Photography Encyclopedia: optical transfer function

At one time the only criterion for the performance of an optical system was its resolving power. In an ideal system (i.e. one without any aberrations) this bears a simple relation to its f-number. In practice, camera lenses fall below this ideal, and resolving power is tested by imaging a chart of black and white bars, a so-called Sayce chart (see fourier optics, Fig. 5a) or a Siemens star. As the pitch decreases the image contrast reduces, until at a certain point the bars can no longer be distinguished. This represents the limit of resolution, and it is specified as a spatial frequency in line pairs per millimetre (lp mm-1). (A line pair is a black and a white bar.)

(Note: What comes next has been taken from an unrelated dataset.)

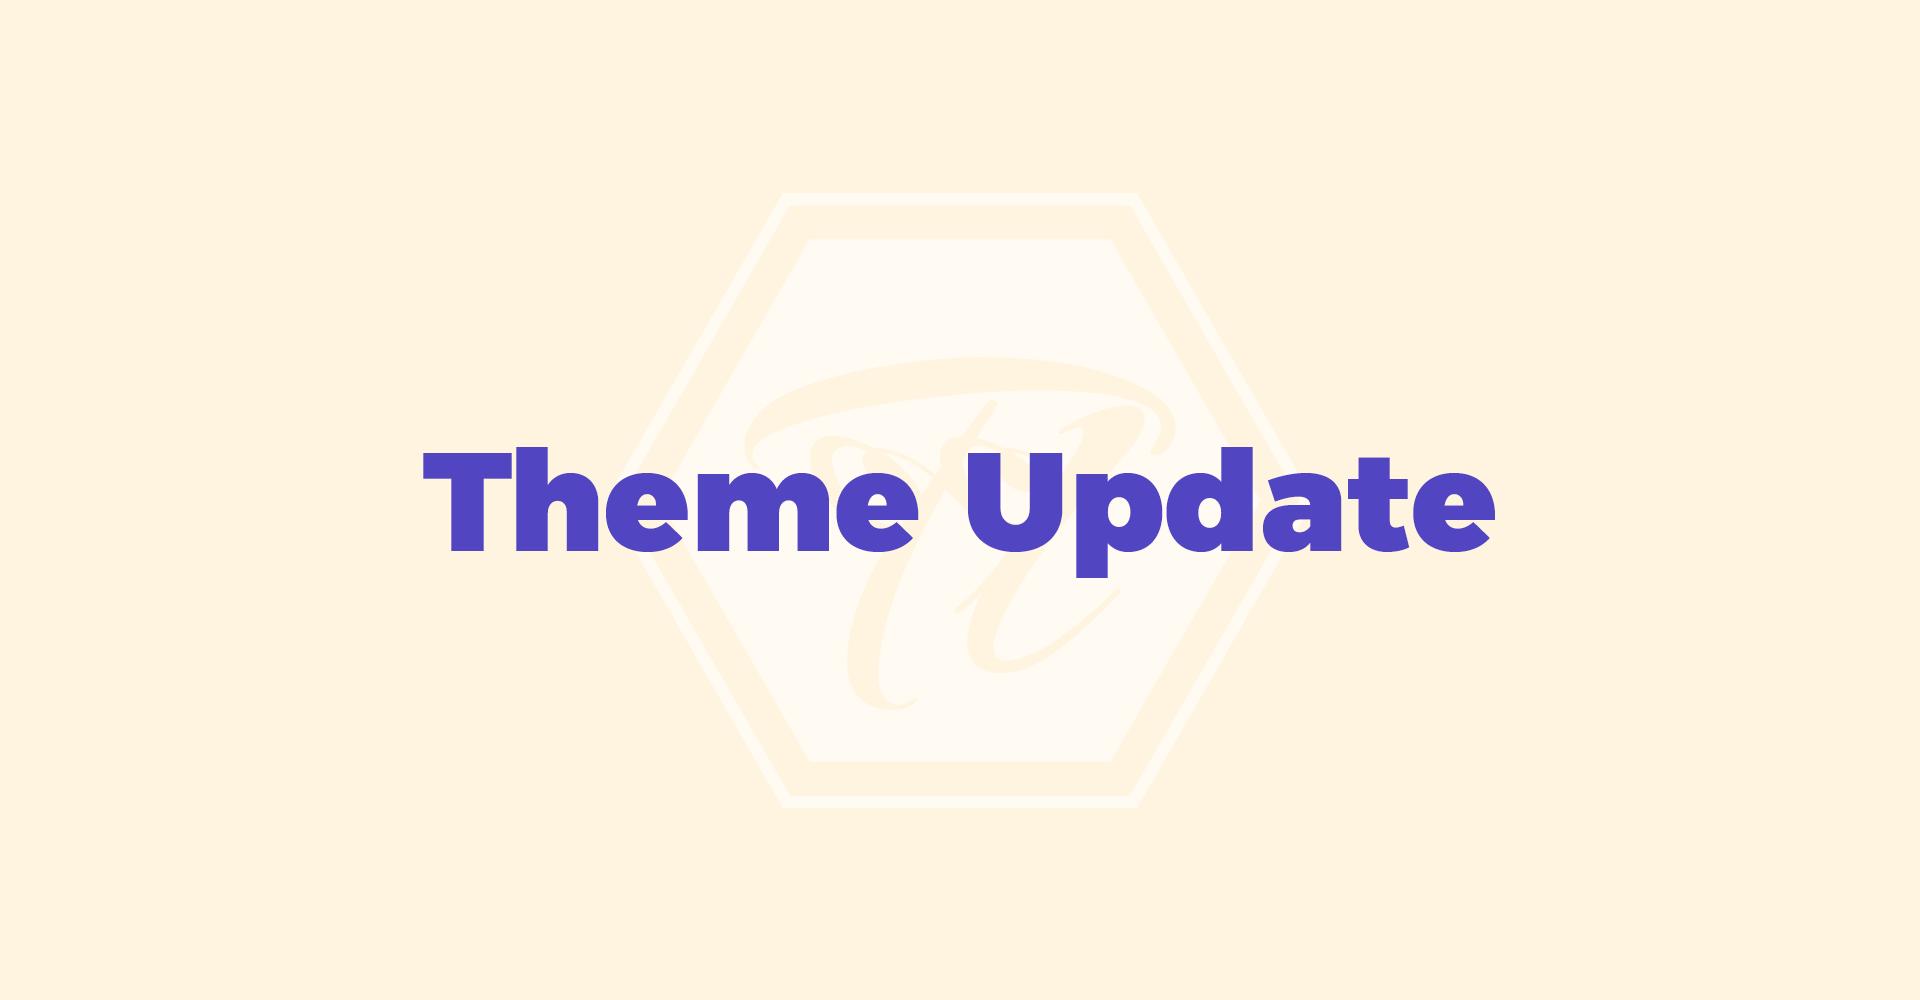 theme_update 1 1 2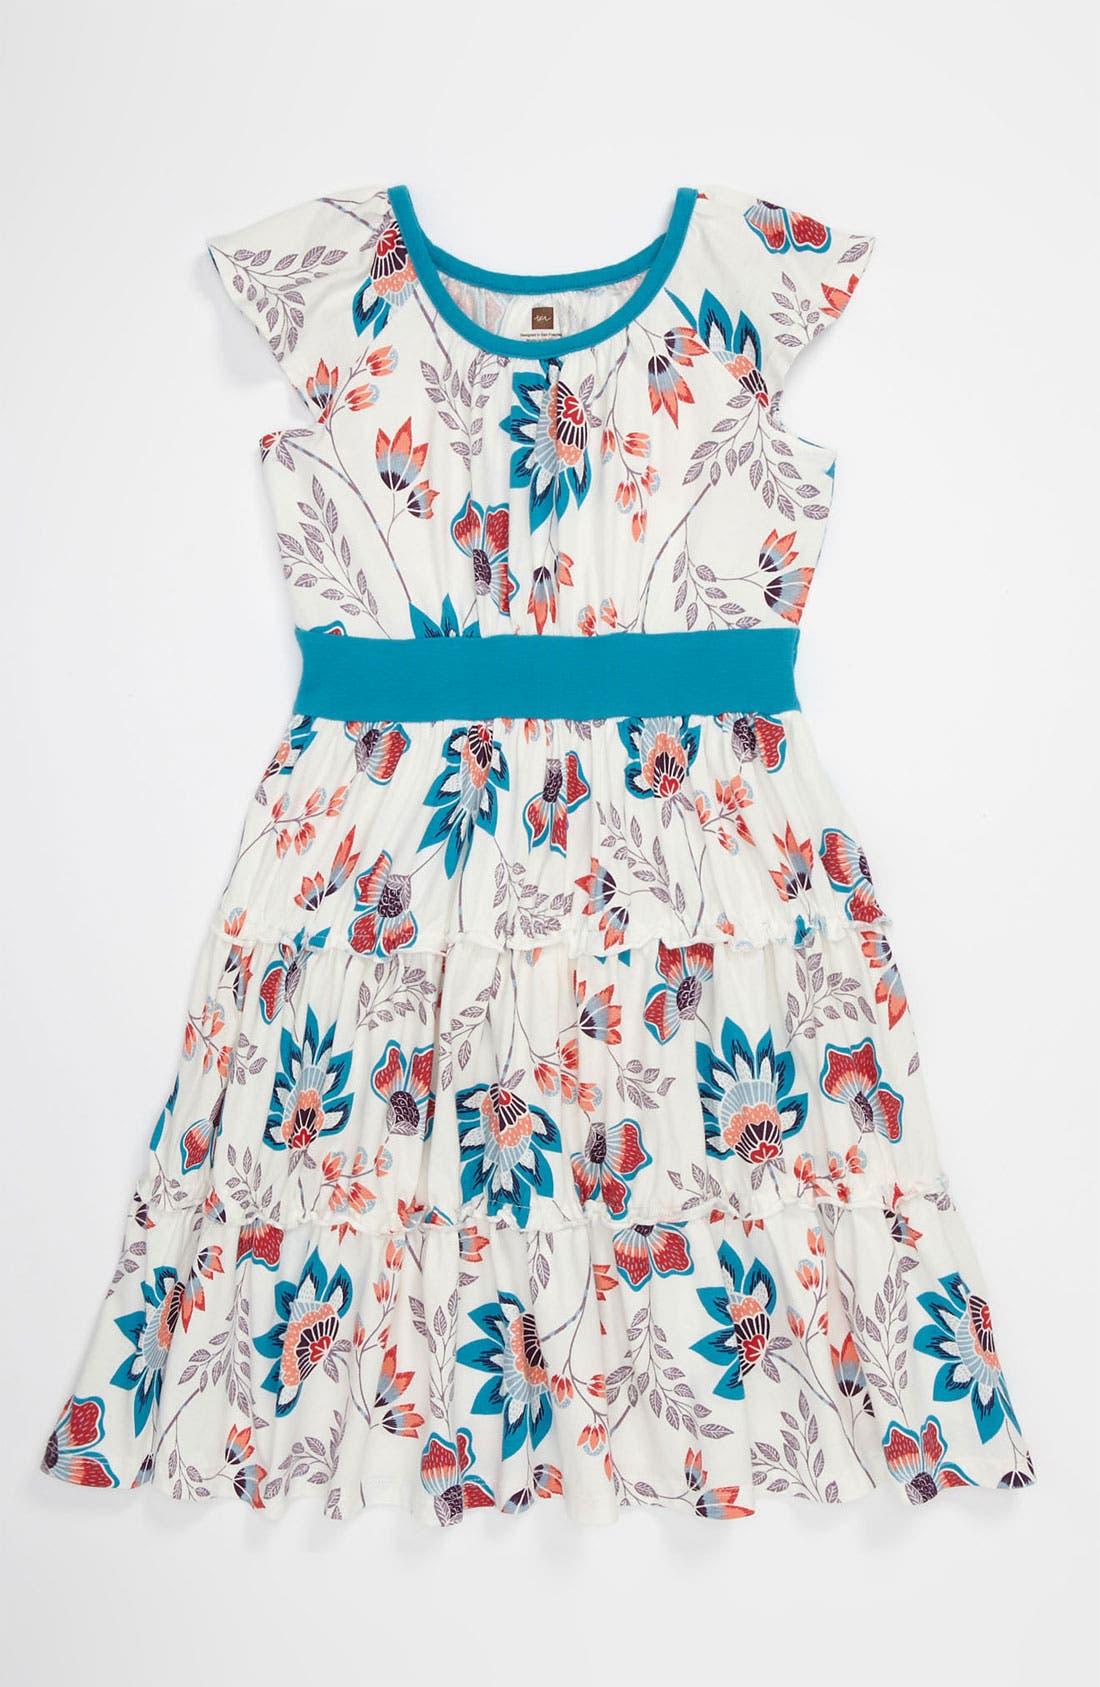 Main Image - Tea Collection 'Ardmore' Dress (Toddler, Little Girls & Big Girls)

The difficulty is that this tells us only the point at which the optical system fails to produce an image. It gives no information as to the quality of what it does resolve. The nature of this defect became clear during the Second World War, when photo interpreters were examining reconnaissance photographs under high magnification, and saw that some types of camera lens produced more readily interpretable images than others of higher resolving power. Others performed less well than would be expected, and even produced misleading distortions in fine detail.

By careful ray tracing (nowadays done by computer programs) lens designers could predict the shape and size of the image of a point of light. However, this point spread function is somewhat difficult to relate to image quality.

The modern approach

In the early 1950s it was noticed that in the image of a Sayce chart, as the spatial frequency increased the image contrast fell steadily, and the intensity profile became markedly sinusoidal (see fourier optics, Fig. 5b). Further trials using a test chart with a sinusoidal profile instead of black and white bars showed that there was no change in the profile as the spatial frequency increased apart from a progressive decrease in contrast. Taking a leaf from the electronic engineering book, it became clear that any image (analogously to complex sound waveforms) could be analysed into a spectrum of sinusoidal gratings of various amplitudes (i.e. contrasts) and (spatial) frequencies, and, for two-dimensional images, orientations. If an optical system were to be tested using sinusoidal gratings it would be possible to plot the ratio of image contrast to subject contrast for the whole range of spatial frequencies, and thus obtain data on the performance of the system for every type of subject and at all levels of detail.

Modulation

Contrast is a subjective perception, and it is difficult to express as a measurable quantity. In photography it is traditionally defined as the logarithm of the highlight-to-shadow luminance ratio. This matches visual sensations fairly closely until the contrast becomes very high, and as it increases further the logarithmic figure continues to rise while the eye perceives little or no change. A closer fit to perceived contrast—again familiar to electronics engineers—is modulation. The modulation M of a scene is given by the expression

M = (Lmax -Lmin)/ (Lmax + Lmin)
where Lmax and Lmin are the respective luminances of the brightest and darkest parts of the scene. Modulation cannot go higher than 1, corresponding to a black that is completely devoid of shadow detail (Lmin = 0).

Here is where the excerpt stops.